Re: automem v0.0.7 - C++ style smart pointers using std.experimental.allocator

2017-04-28 Thread Atila Neves via Digitalmars-d-announce

On Sunday, 9 April 2017 at 15:52:50 UTC, Basile B. wrote:

On Sunday, 9 April 2017 at 08:56:52 UTC, Atila Neves wrote:
Using std.experimental.allocator? Tired of writing 
`scope(exit) allocator.dispose(foo);` in a language with RAII? 
Me too:




http://code.dlang.org/packages/automem



I think that the Array misses
- a reservation strategy, something like reserve() and 
allocBy().


reserve is done. What would allocBy be?


- dup / idup that return new distinct and deep copies.
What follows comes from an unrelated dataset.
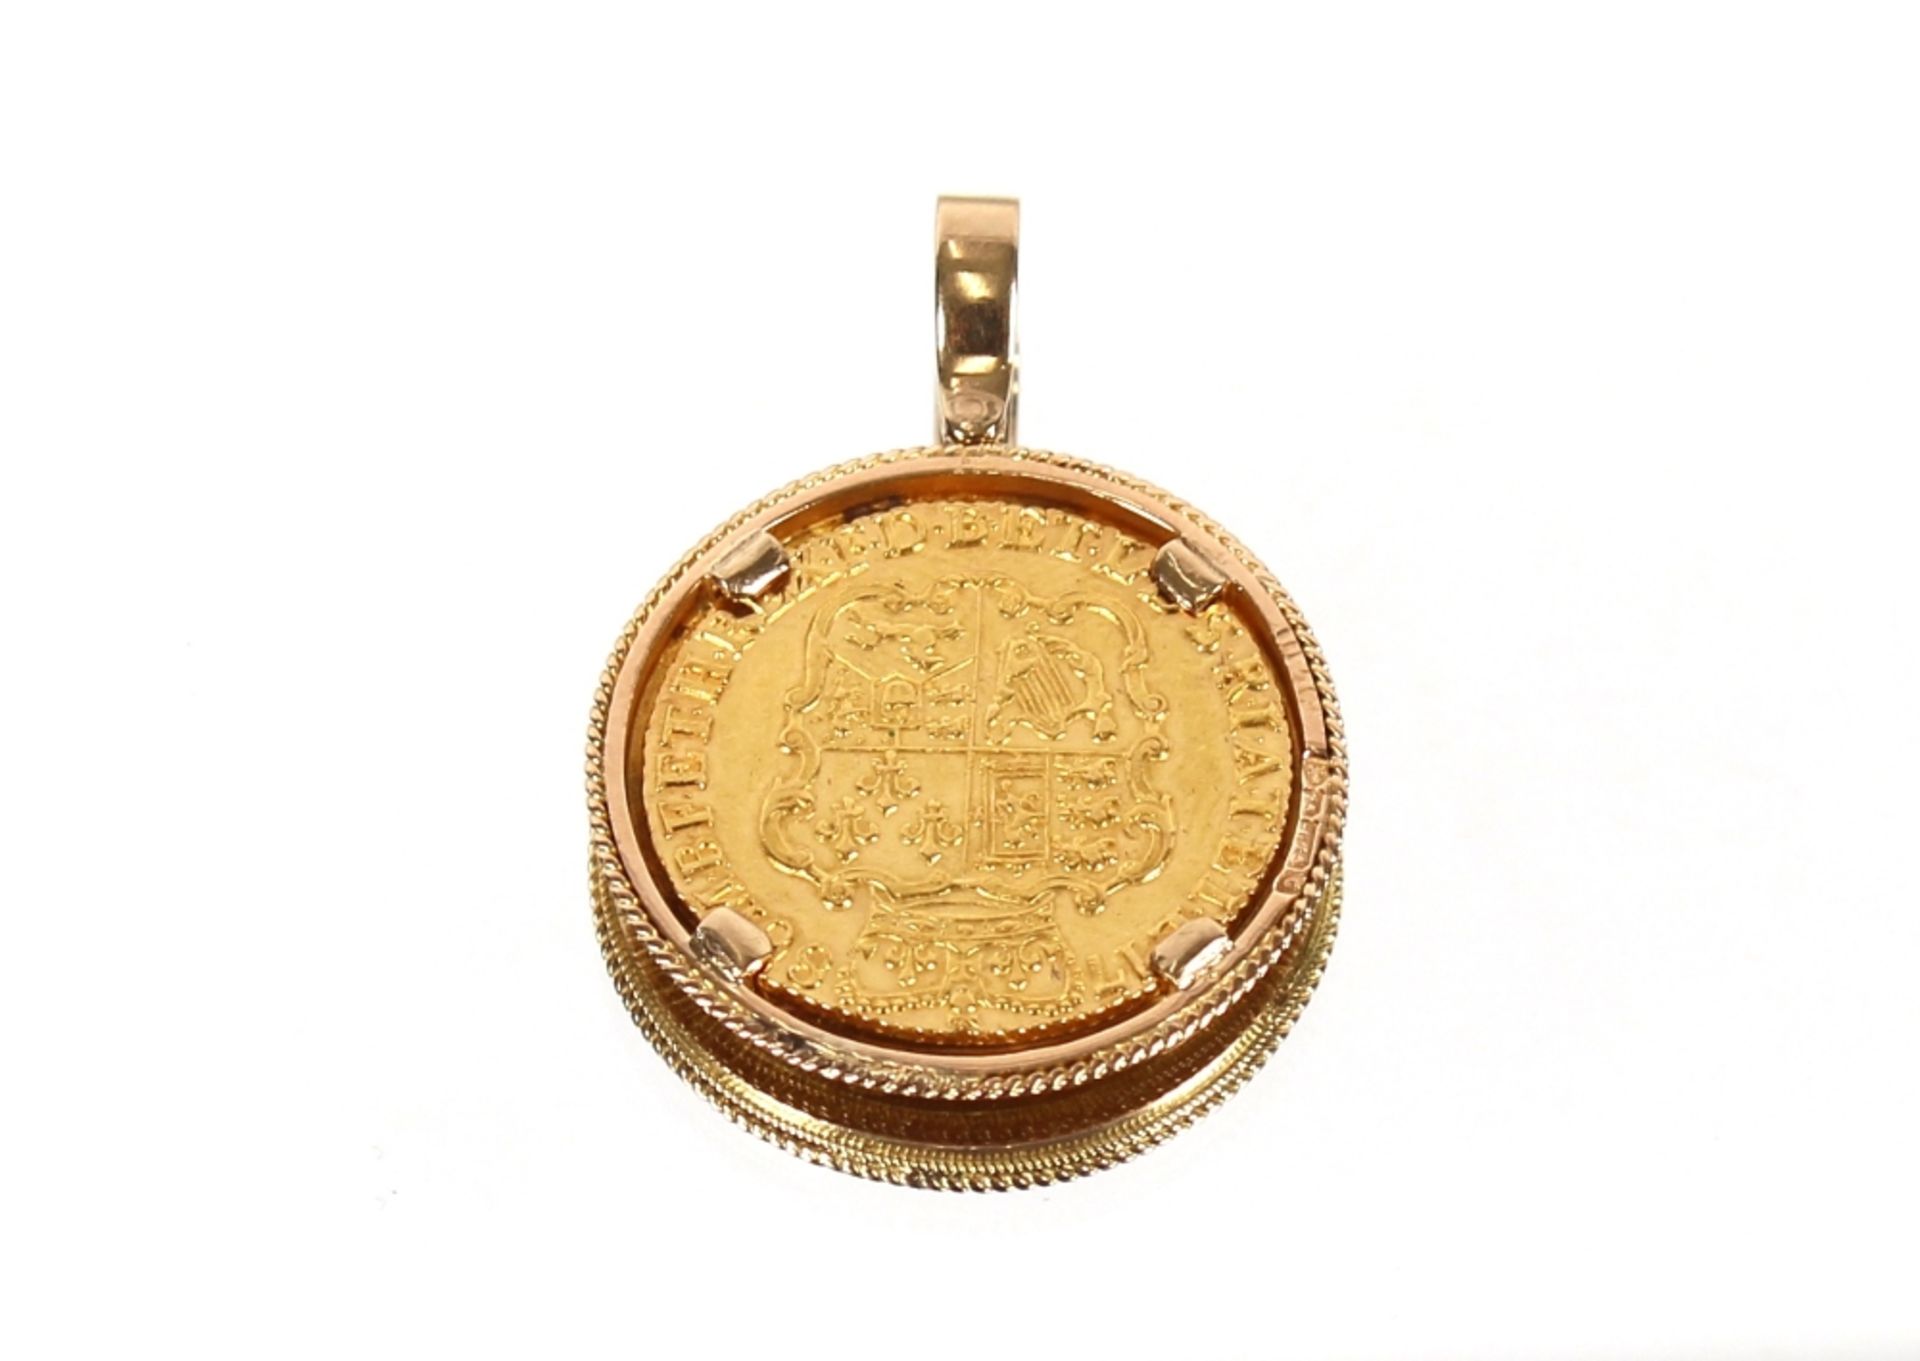 A 1786 George III Guinea in 15ct gold mount, 11.5g

dup is done. I'm trying to figure out how one would use .idup.


- maybe .ptr at least for reading with pointer arithmetic.


Done.


- opBinary for "~" . Also you have bugs with operators:


Done.


```d
import std.experimental.allocator.mallocator;
UniqueArray!(int, Mallocator) a;
a ~= [0,1];
```

crashes directly.


Fixed.

Atila




Re: automem v0.0.7 - C++ style smart pointers using std.experimental.allocator

2017-04-17 Thread Stanislav Blinov via Digitalmars-d-announce

On Monday, 17 April 2017 at 13:21:50 UTC, Kagamin wrote:

If we can control memory layout, we can do what shared_ptr does 
and couple the reference counter with the object, then we can 
have just one pointer:


struct RefCounted(T)
{
  struct Wrapper
  {
int count;
T payload;
  }
  Wrapper* payload;
}


I'm not sure I follow your comment. Indeed, that is how 
shared_ptr, or, in this case, RefCounted, is implemented. My 
point was that there is no practical sense in having a 
shared(RefCounted).


Re: automem v0.0.7 - C++ style smart pointers using std.experimental.allocator

2017-04-17 Thread Kagamin via Digitalmars-d-announce
On Wednesday, 12 April 2017 at 13:32:36 UTC, Stanislav Blinov 
wrote:
Syntax is not the core of the issue, it's not about just 
marking a destructor as shared. Making RefCounted itself shared 
would require implementing some form of synchronization of all 
the 'dereference' operations, including assignments. I.e. if we 
have some shared(RefCounted!T) ptr, what should happen when two 
threads simultaneously attempt to do ptr = 
shared(RefCounted!T)(someNewValue) ? Should a library 
implementation even consider this? Or should such 
synchronization be left to client's care? It seems like in this 
regard shared(RefCounted!T) would be no different from 
shared(T*), which brings me to the next point.


If we can control memory layout, we can do what shared_ptr does 
and couple the reference counter with the object, then we can 
have just one pointer:


struct RefCounted(T)
{
  struct Wrapper
  {
int count;
T payload;
  }
  Wrapper* payload;
}


Re: automem v0.0.7 - C++ style smart pointers using std.experimental.allocator

2017-04-12 Thread Stanislav Blinov via Digitalmars-d-announce

On Monday, 10 April 2017 at 08:11:37 UTC, Atila Neves wrote:
On Sunday, 9 April 2017 at 13:59:14 UTC, Andrei Alexandrescu 
wrote:


Great. Can RefCounted itself be shared? I learned this is 
important for composition, i.e. you want to make a RefCounted 
a field in another object that is itself shared, immutable etc.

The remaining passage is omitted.